Content starts

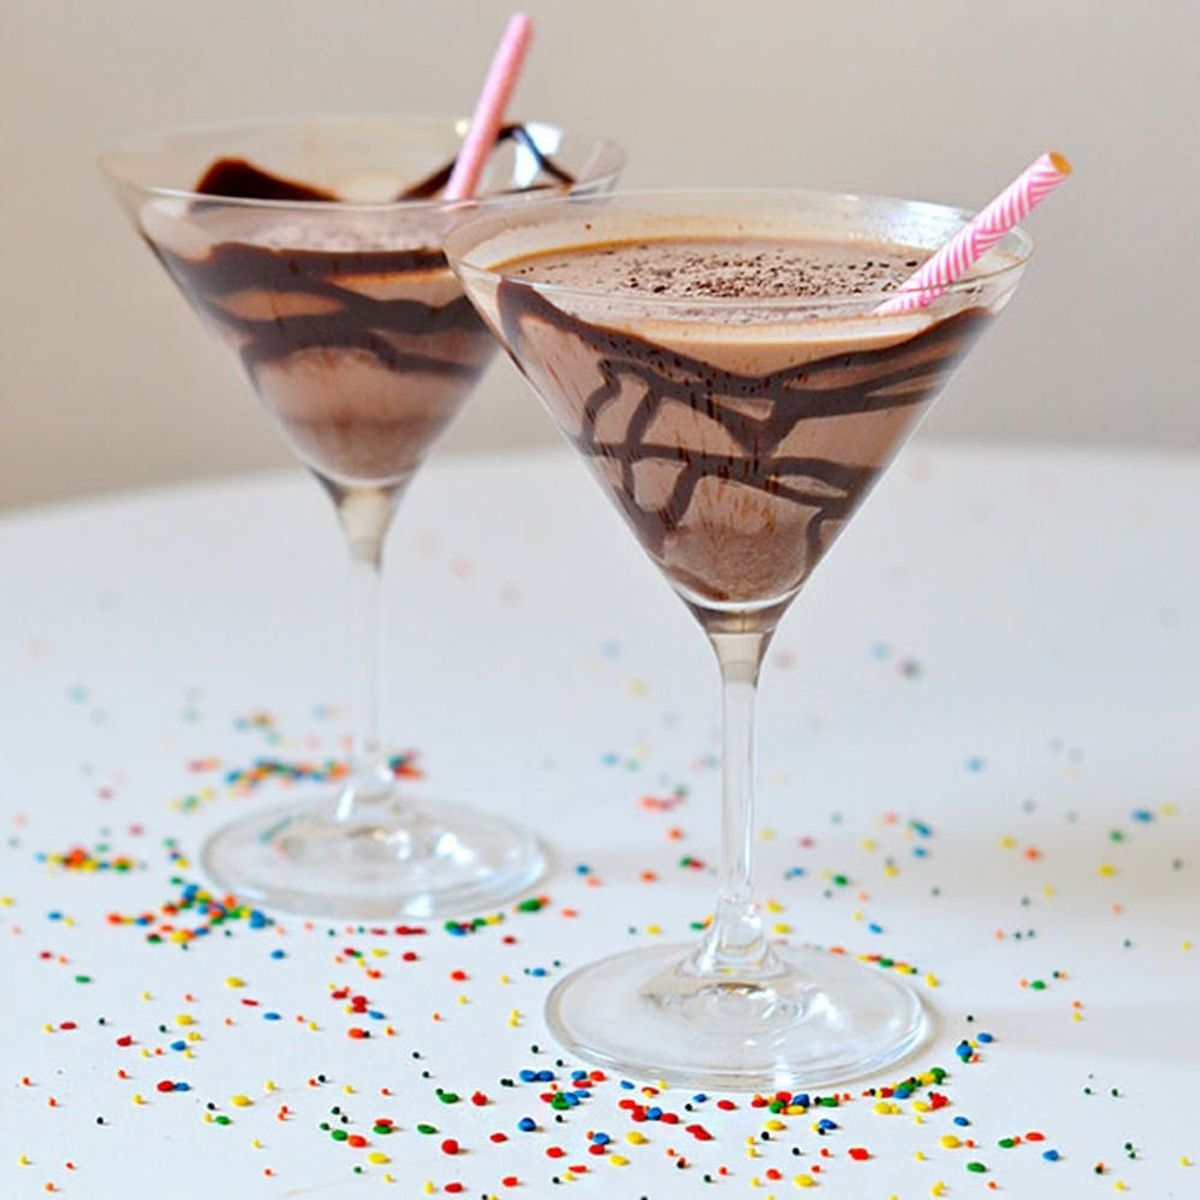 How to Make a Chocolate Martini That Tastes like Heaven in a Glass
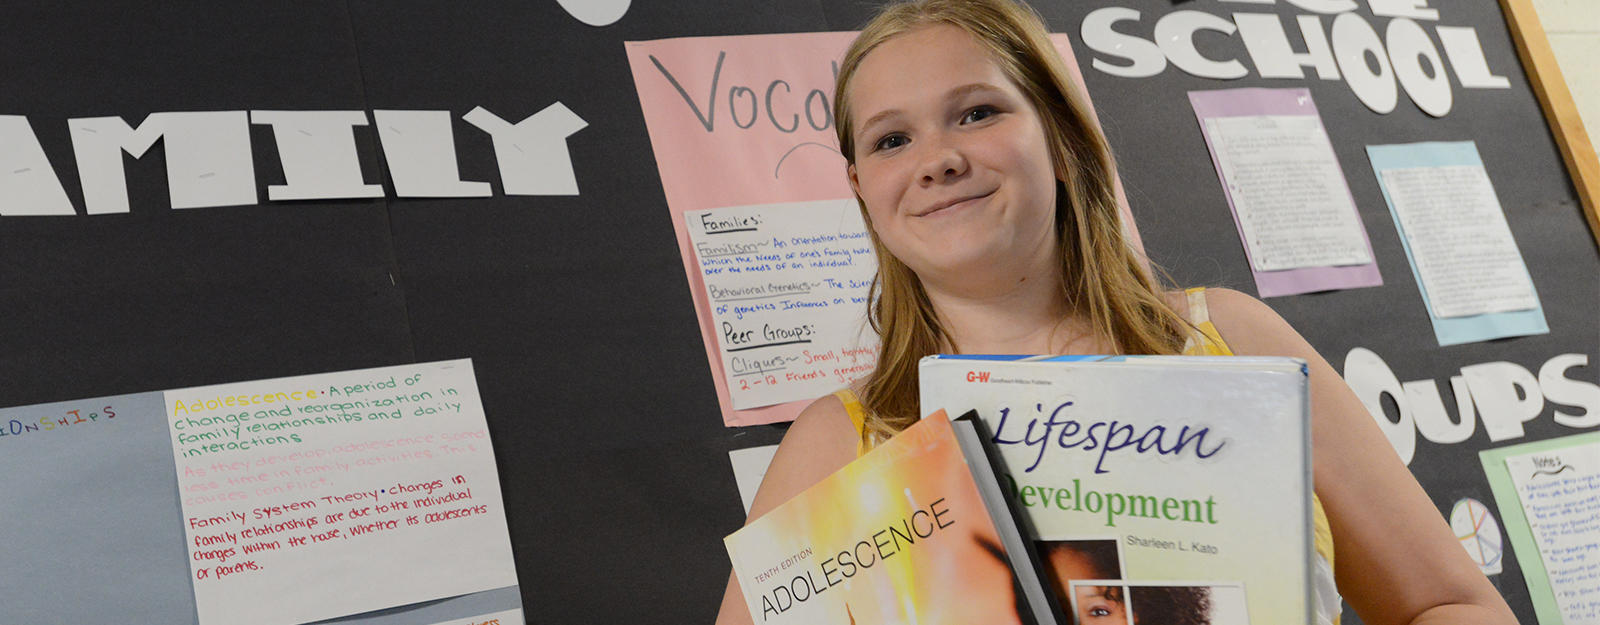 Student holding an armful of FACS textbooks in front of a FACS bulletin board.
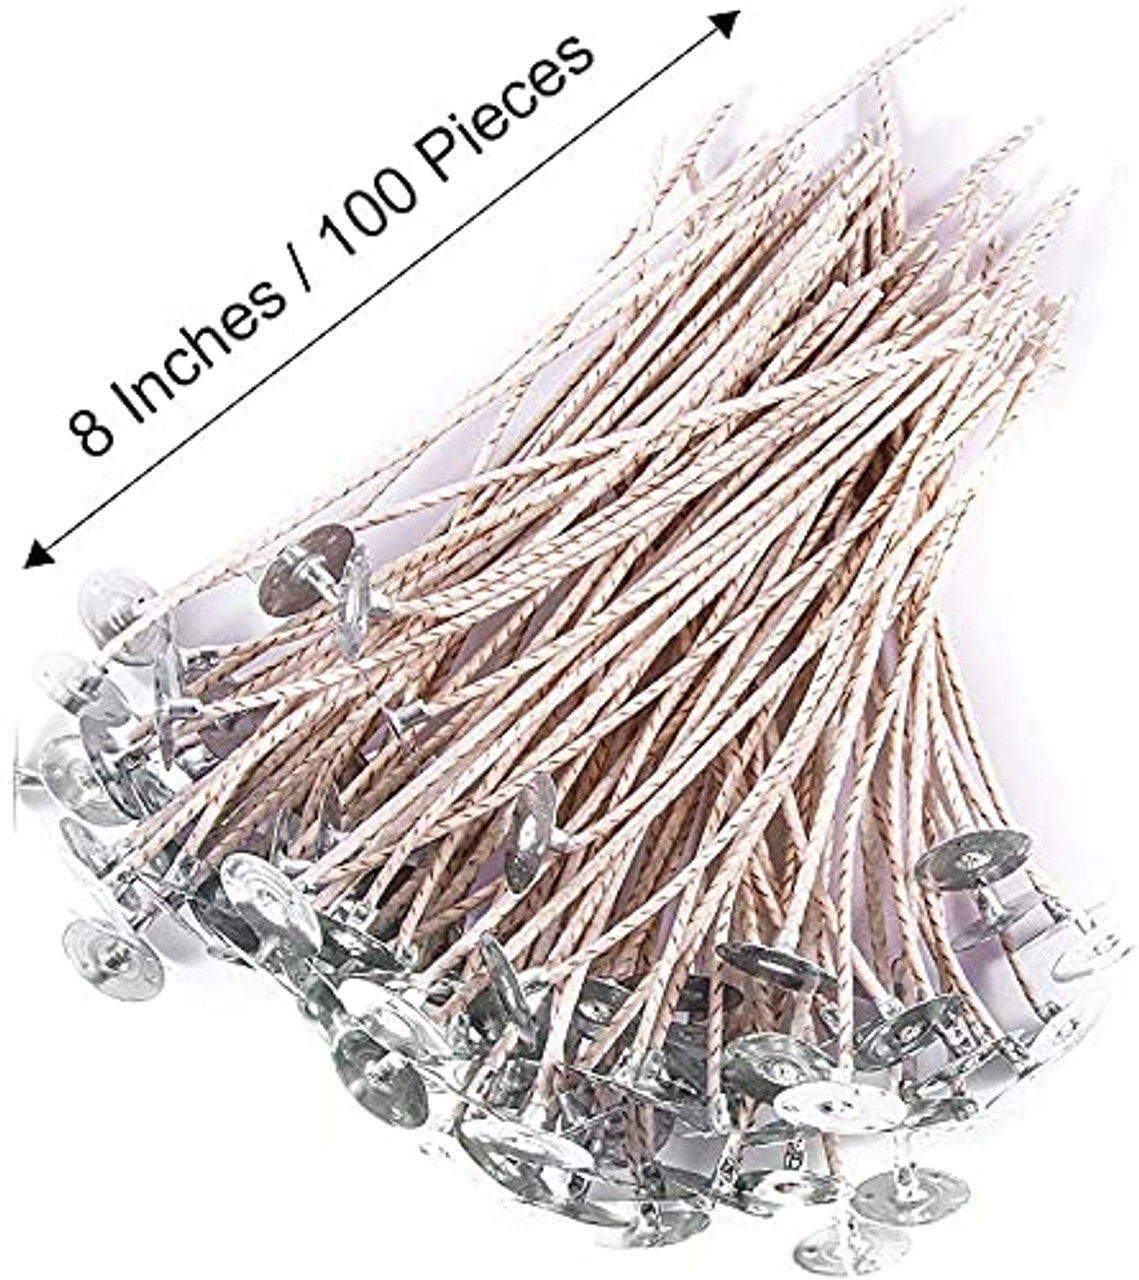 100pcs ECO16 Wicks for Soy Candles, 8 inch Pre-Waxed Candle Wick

Content ends
Content starts

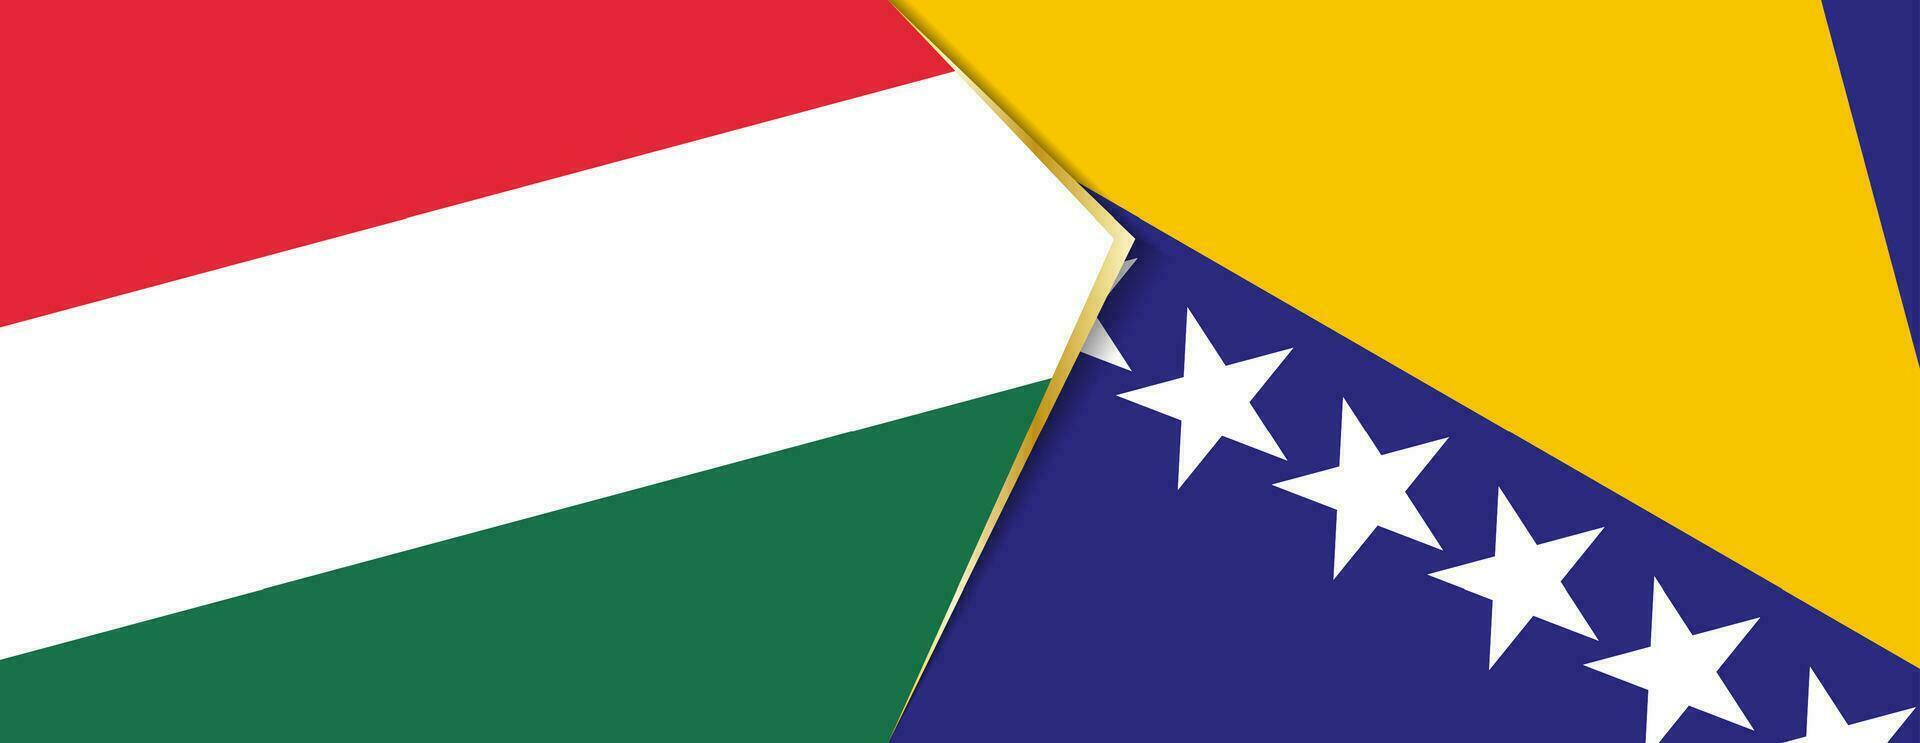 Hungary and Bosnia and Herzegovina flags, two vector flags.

Content ends
Content starts

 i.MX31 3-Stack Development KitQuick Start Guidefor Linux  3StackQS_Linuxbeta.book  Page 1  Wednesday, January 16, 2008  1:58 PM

Content ends

## [What you will do]
Reproduce, word for word, only the lines in the records above from the line with "How to Make" through the line with "100pcs ECO16 Wicks", including both ends; omit the pictures.

## [Written response]
 How to Make a Chocolate Martini That Tastes like Heaven in a Glass
 Student holding an armful of FACS textbooks in front of a FACS bulletin board.
 100pcs ECO16 Wicks for Soy Candles, 8 inch Pre-Waxed Candle Wick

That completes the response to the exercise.